Why do antigun organizations and spokesmen play into the gun lobby's hands by making statements that inevitably cement millions of gun owners into fanatic opposition to control? Perhaps their motivations resemble those of the temperance crusaders earlier in this century, as explained in sociologist Joseph Cusfield's Symbolic Crusade: Status Politics and the American Temperance Movement. Gusfield suggests that what Prohibition advocates were seeking was not so much to change human behavior but to legally enshrine their own morality while condemning that of their opponents.
That this is the case can be seen in the systematic avoidance by handgun ban advocates of the key criminological issue: enforceability. Learned diatribes against the constitutional sanctity or defensive value of handguns abound -- but never addressed is the issue of how handguns are to be confiscated from the forty to fifty million owners who disagree. Enforcement problems will dwarf those of Prohibition's. Handguns, unlike liquor, are reusable, and their continued use does not involve the visibility and risk of perpetual illegal purchase. A ban would not even prevent handgun proliferation: witness the extent of drug smuggling. Moreover, handguns could be resold more cheaply on the black market than they are now legally.
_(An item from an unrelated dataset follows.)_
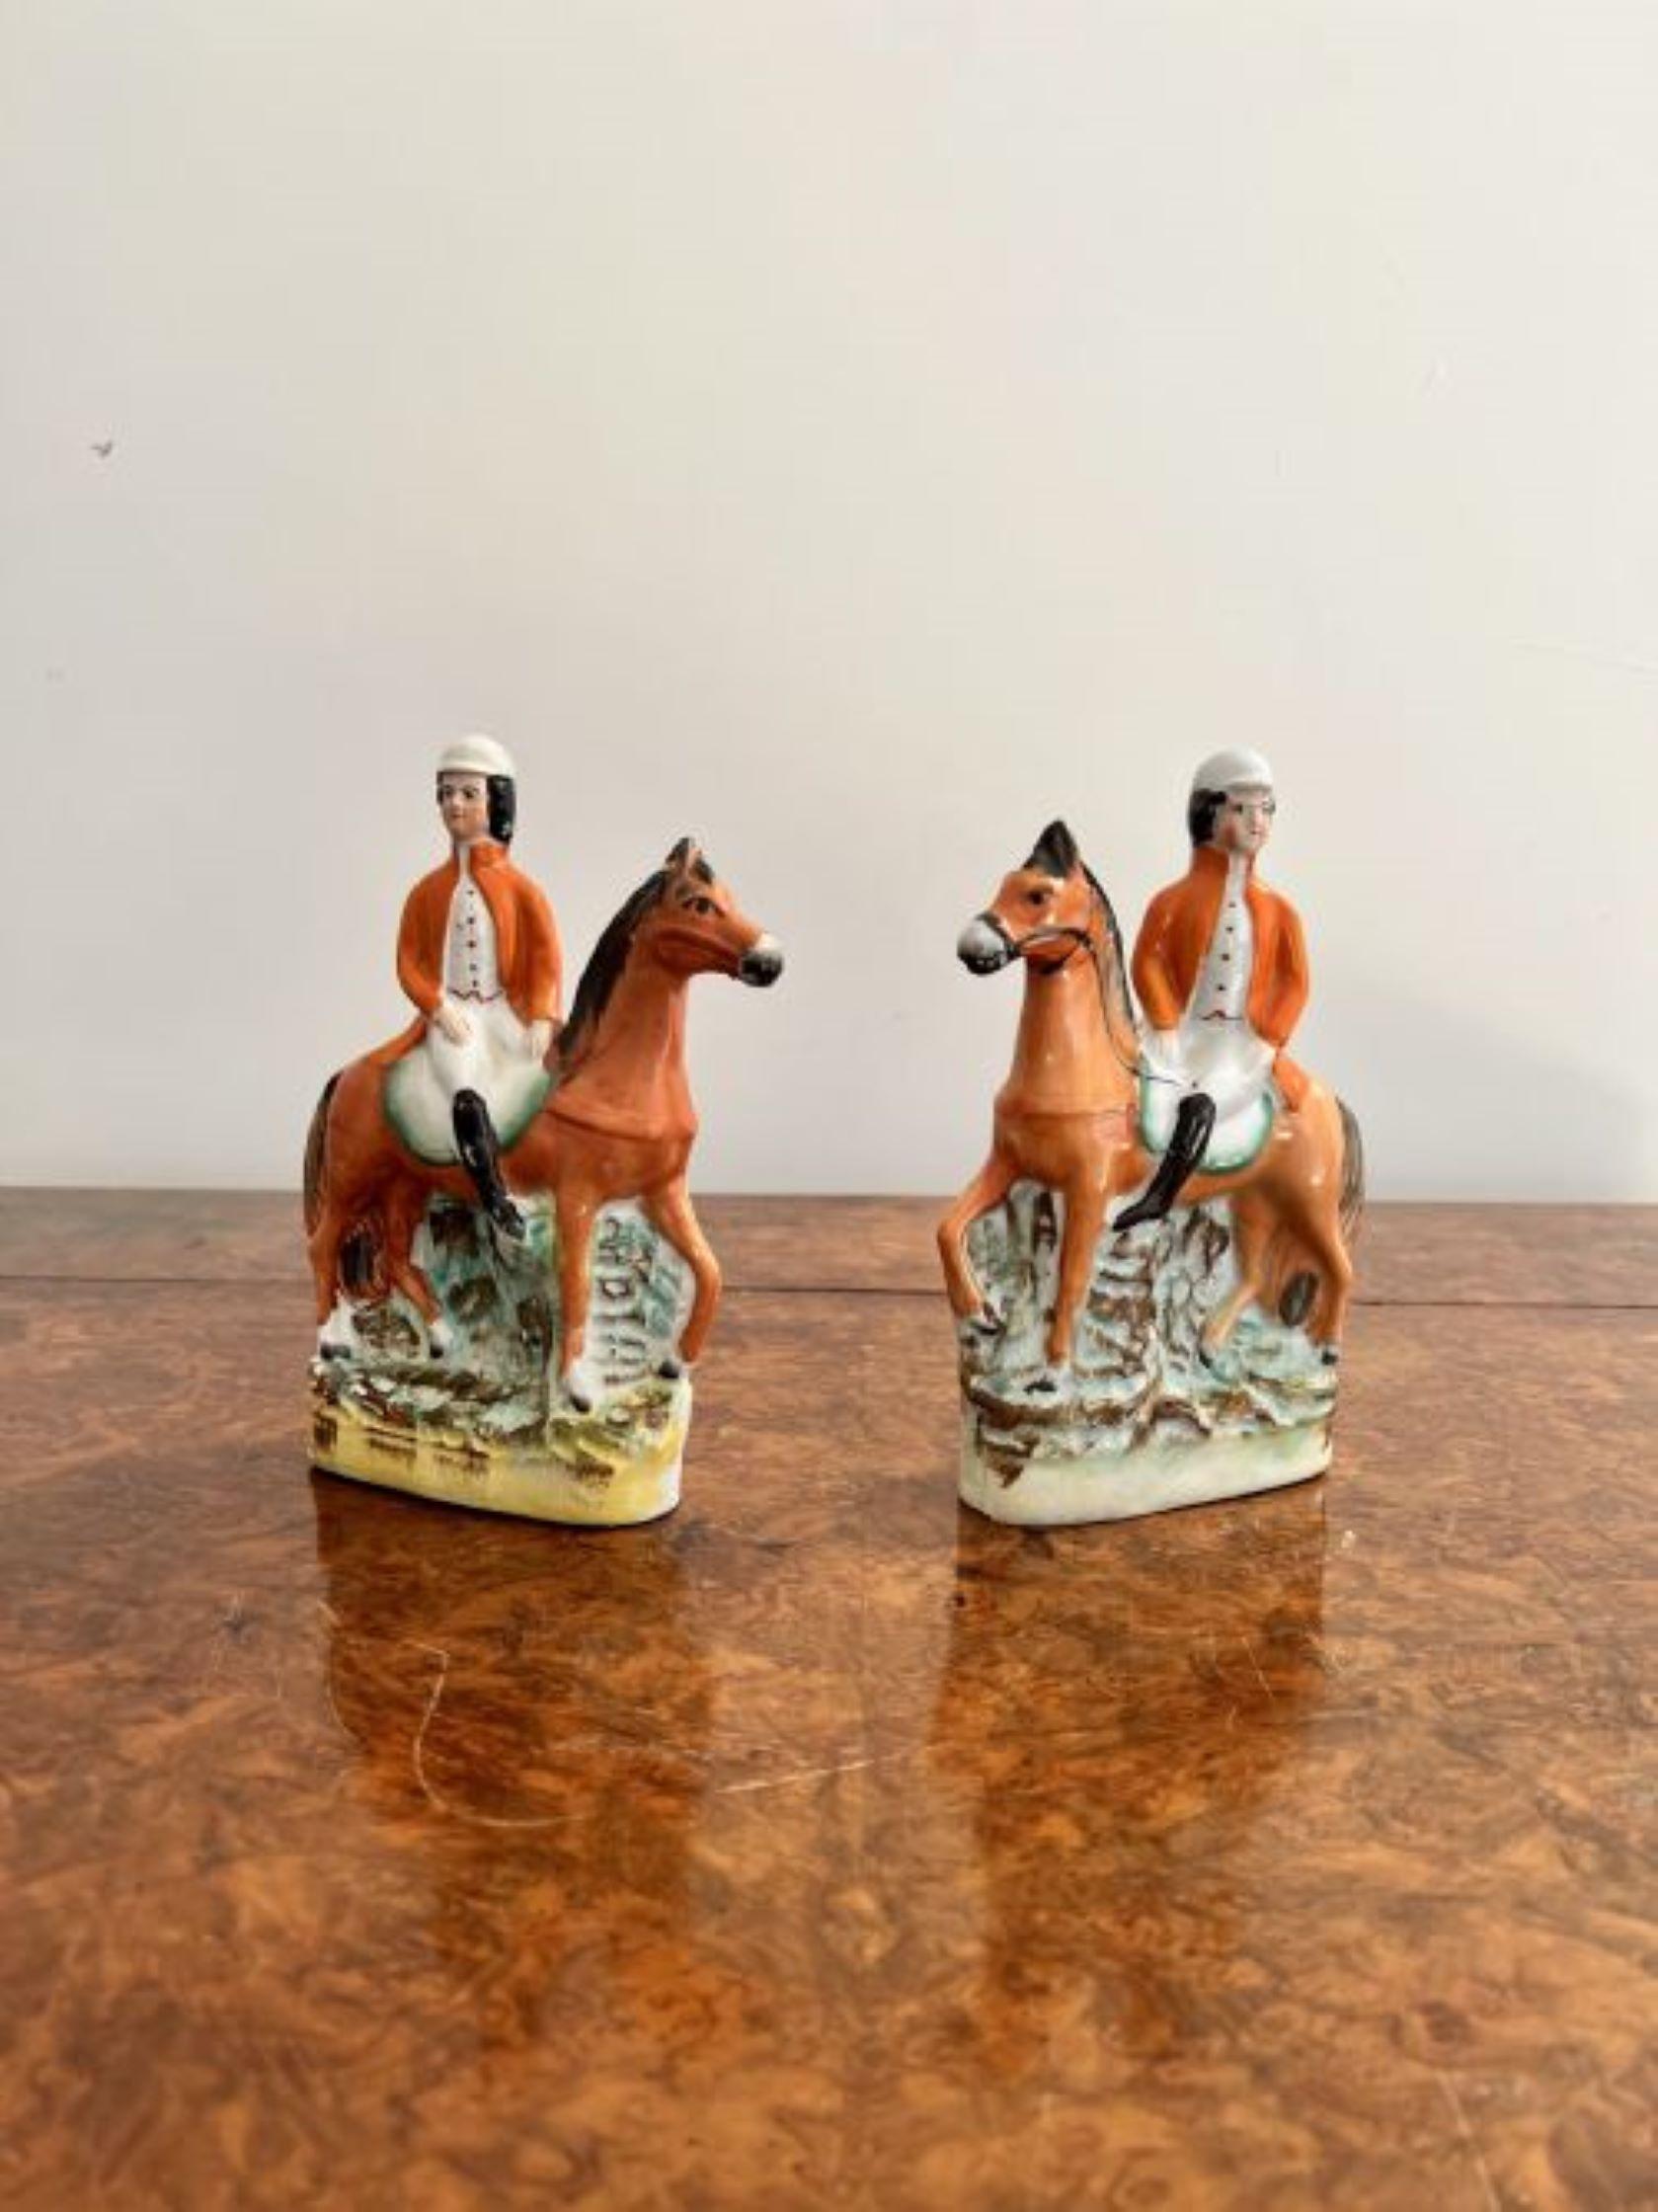 Hochwertiges Paar antiker viktorianischer Staffordshire-Figuren mit einem Paar hochwertiger viktorianischer Staffordshire-Figuren von zwei Fuchsjägern zu Pferd auf der Jagd, handbemalt in wunderschönen braunen, orangen, weißen und grünen Farben auf

Any machine shop and many home workshops can produce, at a fraction of the cost of legal handguns. modem guns in cheap metal versions which could suffice for the purposes of self-defense or of committing crime.
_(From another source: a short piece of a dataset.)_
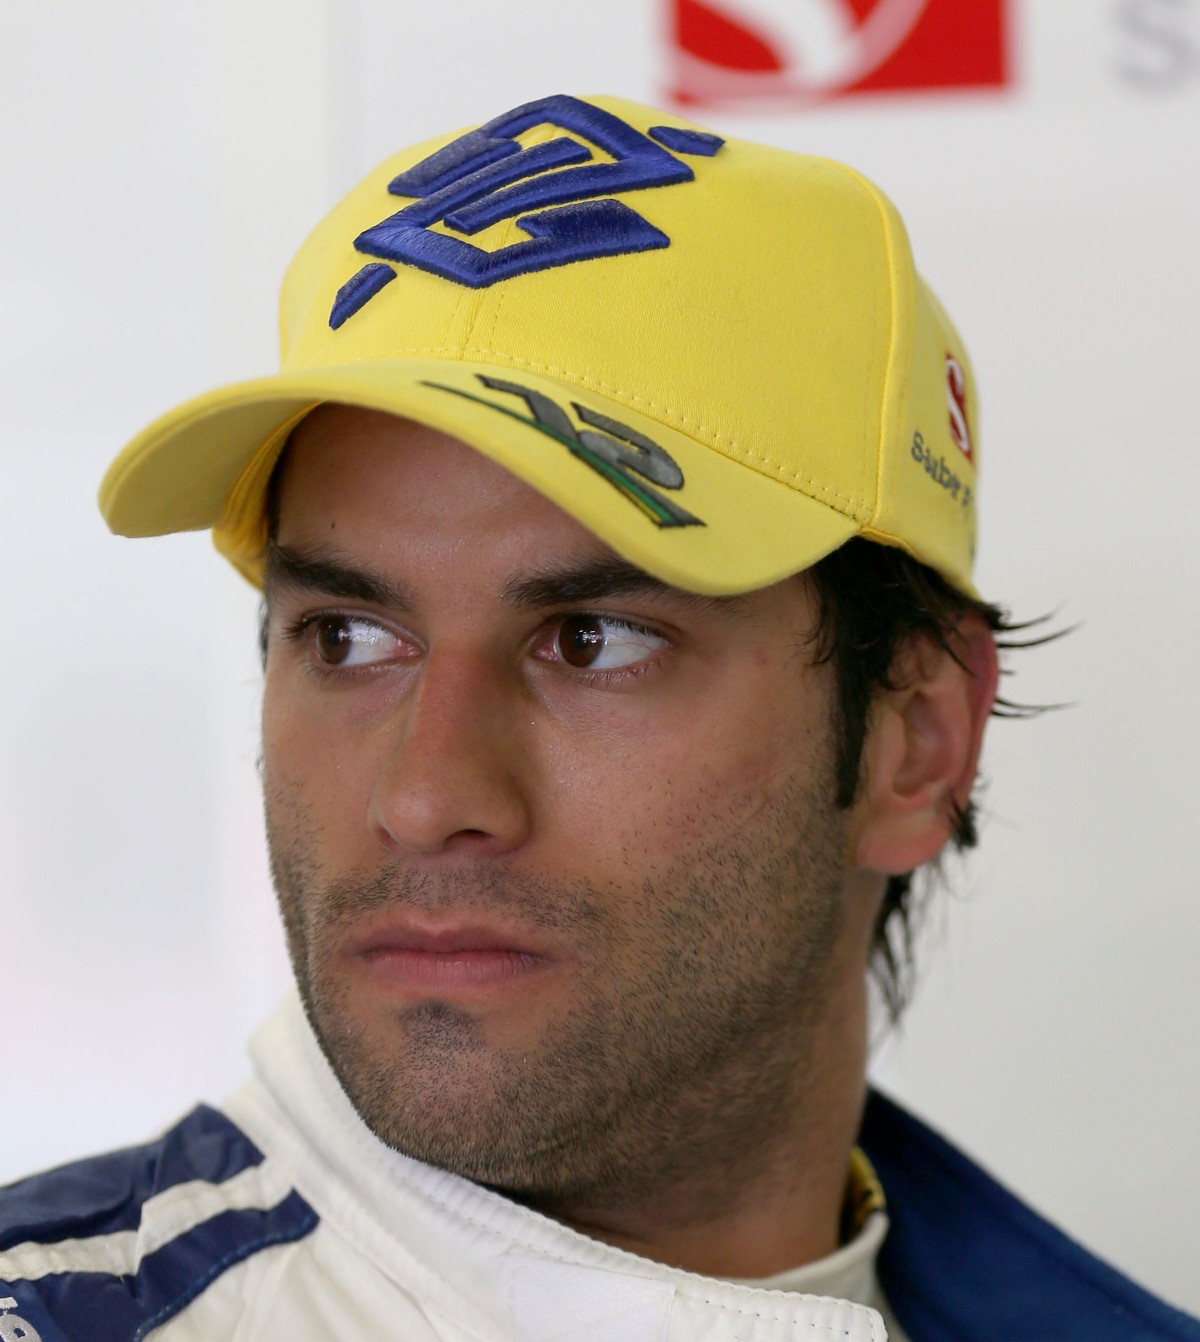 Felipe Nasr needs more money to buy Sauber ride

These facts are known to anyone who bothers to research enforceability. Yet it is no exaggeration to say that neither these nor other enforcement issues are ever analyzed in even scholarly arguments for handgun prohibition. (One ten-thousand word article -- which is atypical in that it at least notices the issue -- devotes but a single sentence to the need for "strict enforcement.") How can people who other situations trumpet enforceability obstacles advocate banning handguns without ever even addressing the enforcement issue? I submit that it is only because a handgun ban is to them purely symbolic moral legislation rather than a serious criminological program.
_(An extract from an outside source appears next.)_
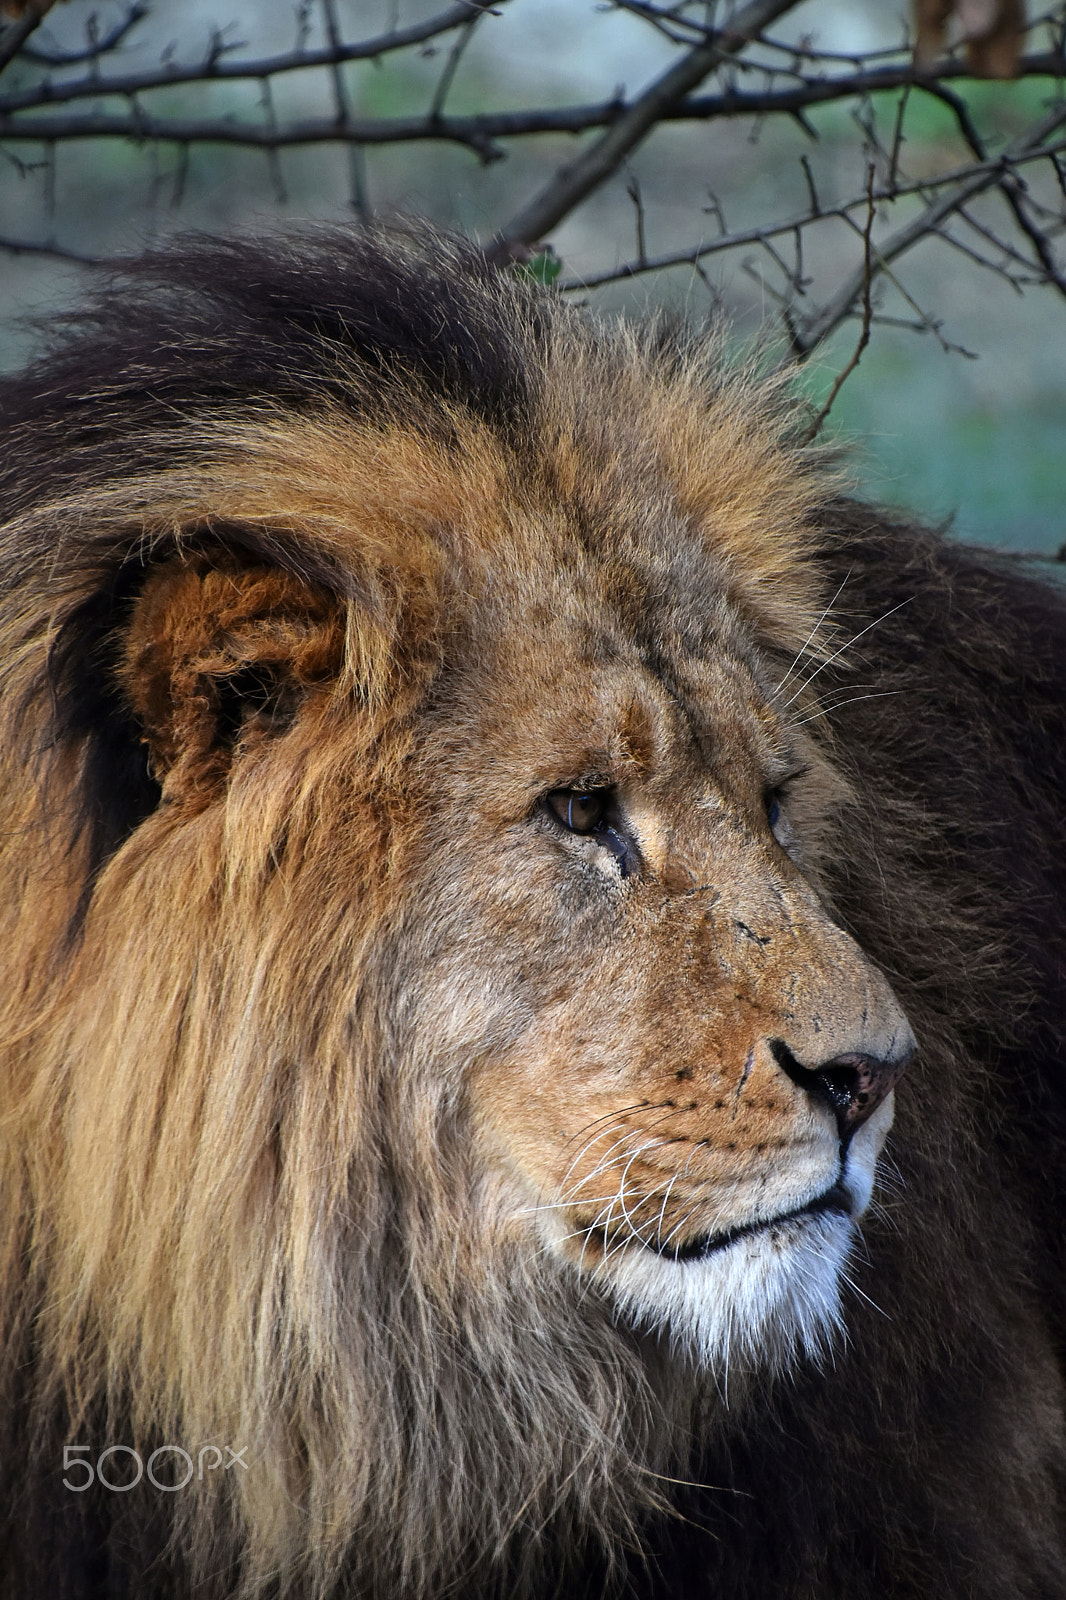 Nikon D5500 + Nikon AF-S DX Nikkor 18-300mm F3.5-6.3G ED VR sample photo. African lion male close up portrait photography

Whether law ought to ratify a purely symbolic moral position held by most of the population is a debatable issue. But in our context it is irrelevant, for most Americans do not share the antigun belief in the innate depravity of gun ownership. The irony is that attempts nevertheless to reify that belief into law blight the chances for the kind of pragmatic gun control most Americans, including most gun owners, would support.
FOOTNOTES
1. The tone of anti-gun opposition to gun owners themselves can be seen by surveying the titles of typical anti-gun articles: "Sex Education Belongs in the Gun Store," "Bulletbrains and Guns That Don't Kill," "The NRA Can't Wash the Blood Off Its Tired Old Cliches," "Handgun Nuts Are Just That - Really Nuts," "Neurotic Attachment to Guns," and so on.
2. Unfortunately, neither in New York, San Francisco, nor virtually anywhere else are carry permits conditioned on in-depth testing of when to shoot. Only a few jurisdictions test marksmanship at all.
3. Gary Kleck, "Policy Lessons From Recent Gun Control Research," Law and Contemporary Problems, Vol. 49, No. 1 (Winter 1986).
4. One may deride the NRA's reading of the Second Amendment as a guarantee against any form of gun control conceivable. But that it guarantees responsible adults the right to possess handguns for home defense is established by: its background in classical liberal thought and common law; the plainly expressed views of the Founding Fathers; its legislative history; and its uniform treatment in legal commentaries from 1791 until recent times.
5. The ACLU has, however, recently filed an amicus brief in the Supreme Court urging invalidation of a provision of the 1968 act under which no one who has ever been committed to a mental asylum may obtain permission to have a gun.